"Reasonable efforts" under P.L. 96-272 - Public Law; Adoption Assistance and Child Welfare Act - response to Viewpoint article

Children Today, May-June, 1989 by Cecilia Sidia

"Reasonable Efforts" Under P.L. 96-272

I find it impossible to disagree with most of the points made by Karen Dorros and Patricia Dorsey. As systems currently function, it is difficult to provide a reasonable resolution to cases such as Johnny's, particularly when the needed skills and resources may not be available. While I cannot agree that the burden of proof should be on the parent, nevertheless it does seem essential that parents should be required to show progress.
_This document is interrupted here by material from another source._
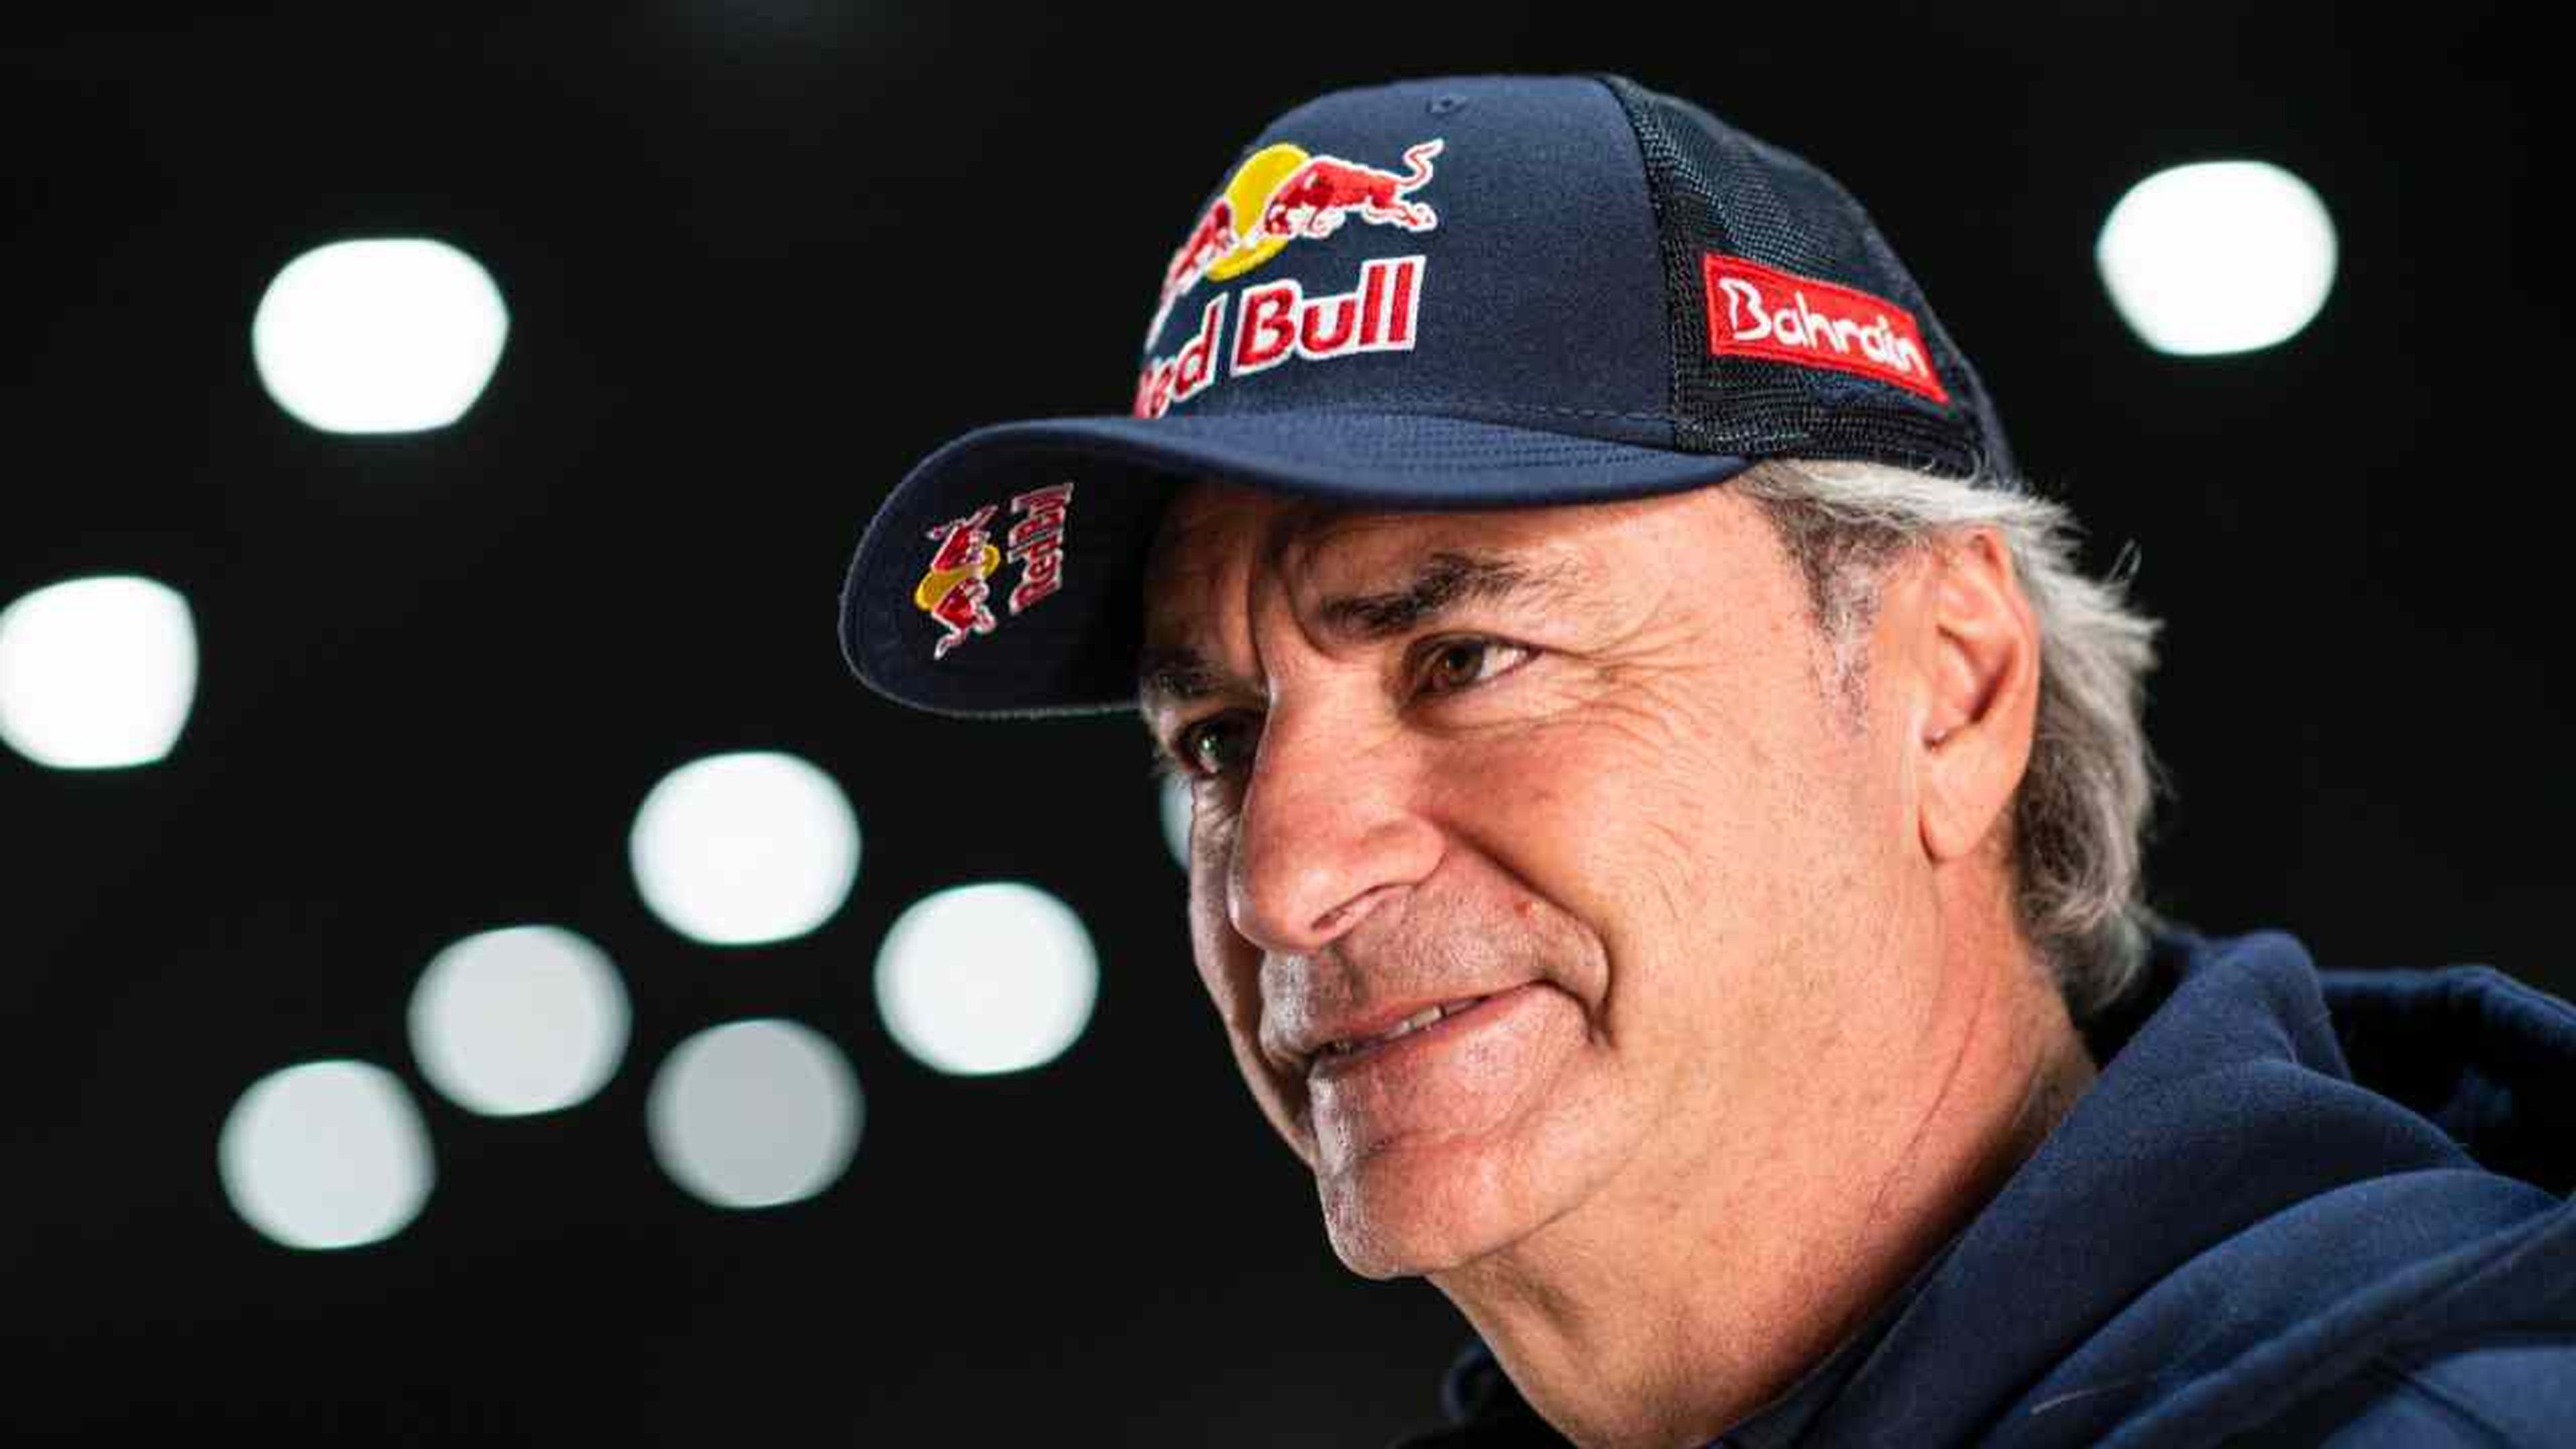 Carlos Sainz Dakar 2020
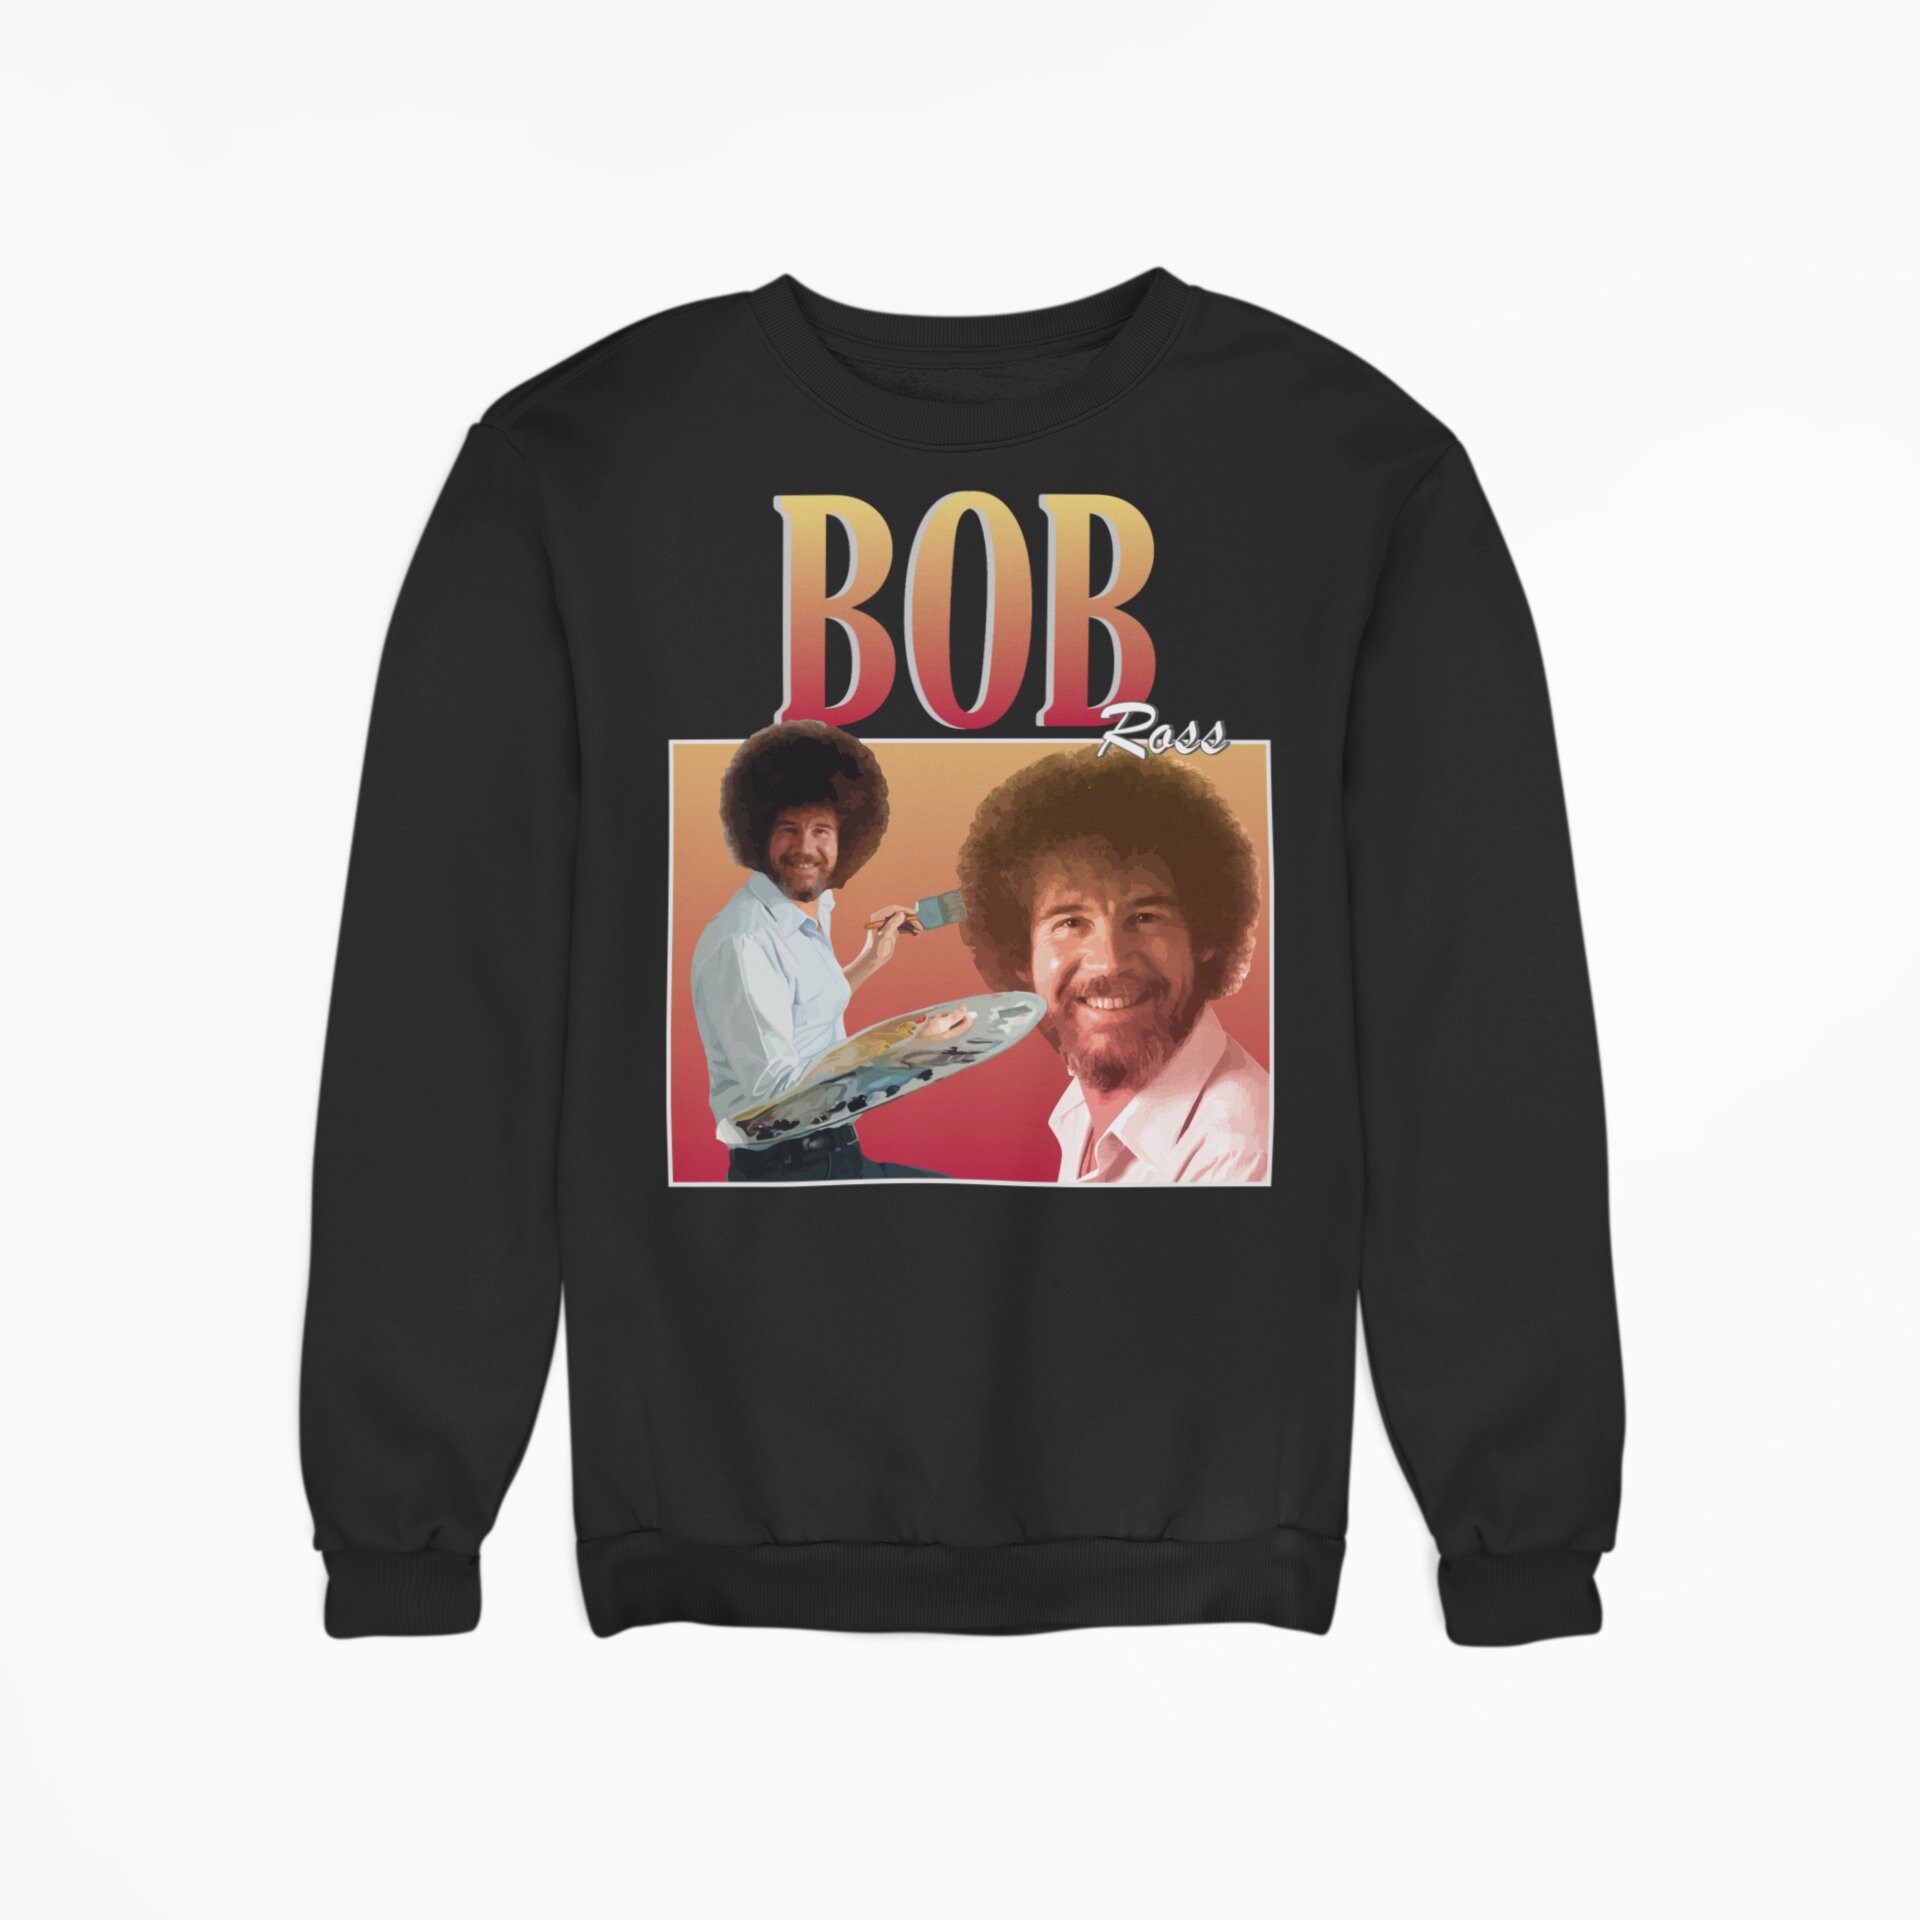 OFFICIAL Bob Ross T-Shirts, Gifts & Merchandise

Under Public Law 96-272, the Adoption Assistance and Childe Welfare Act, the state is required to have a case plan for each child under its care and to make that plan available to the parents. The case plan should make clear the necessity for continued placement, compliance with the plan and progress made in alleviating the problems that caused the placement, and it should project a likely date when the child is to be returned home. It also requires a case review at least every six months to evaluate such factors as reasonable progress; at this time a change in the case goal, if progress is not satisfactory, could certainly be recommended. In addition, the law recommends that foster parents and others involved in the case, such as the child's therapist, be involved in this case review. If this is not being done, I suggest that concerned individuals approach the head of the social service agency and local child advocacy groups to change local policy in this regard.

However, it is generally agreed that a multiproblem neglect case like Johnny's is one of the most difficult types of cases encountered, requiring many resources and long-term support.

There are some possible solutions. In Johnny's case, the day-to-day risk to the child was not extreme, even though he did have bruises. An intensive, in-home therapy team, which could arrange for housing, maintain Johnny in the intervention program, and provide the mother with in-home behavioral training to enhance her parenting skills, might have been able to resolve not only Johnny's problems but those of the other children, as well. Such a program would also involve the mother with other ongoing, long-term supports in the community.

However, if this intensive effort failed, then I agree that the alternative should be termination of parental rights and a permanent family for Johnny. The current federal law does not preclude quick and decisive action, given that a "reasonable" effort has been made. Neither social service agencies nor judges appear to understand this very well at present. A current report from the Comptroller General of New York City suggests, after a study of boarder babies, that if other appropriate activities--diligent search and services to parents, for example--have been done, then the solution may be in "creating an assumption that rights are terminated after six months of no visits (legal abandonment) or failure to make progress toward bringing the child home (permanent neglect)."(*) This might be a desirable policy: It would reduce waiting by about 12 months.

Under current legal standards in New York, it requires a minimum of 31 months for adoption of an abandoned child and 37 months for a permanent neglect case. This is too long, and we must work more actively to represent children's interests in such situations.

(*)H.J. Goldin, Whatever Happened to the Boarder Babies?, Office of the Comptroller, City of New York, Jan. 1989.

Cecelia Sudia Family Services Specialist Children's Bureau, Administration for Children, Youth and Families, Office of Human Development Services, DHHS.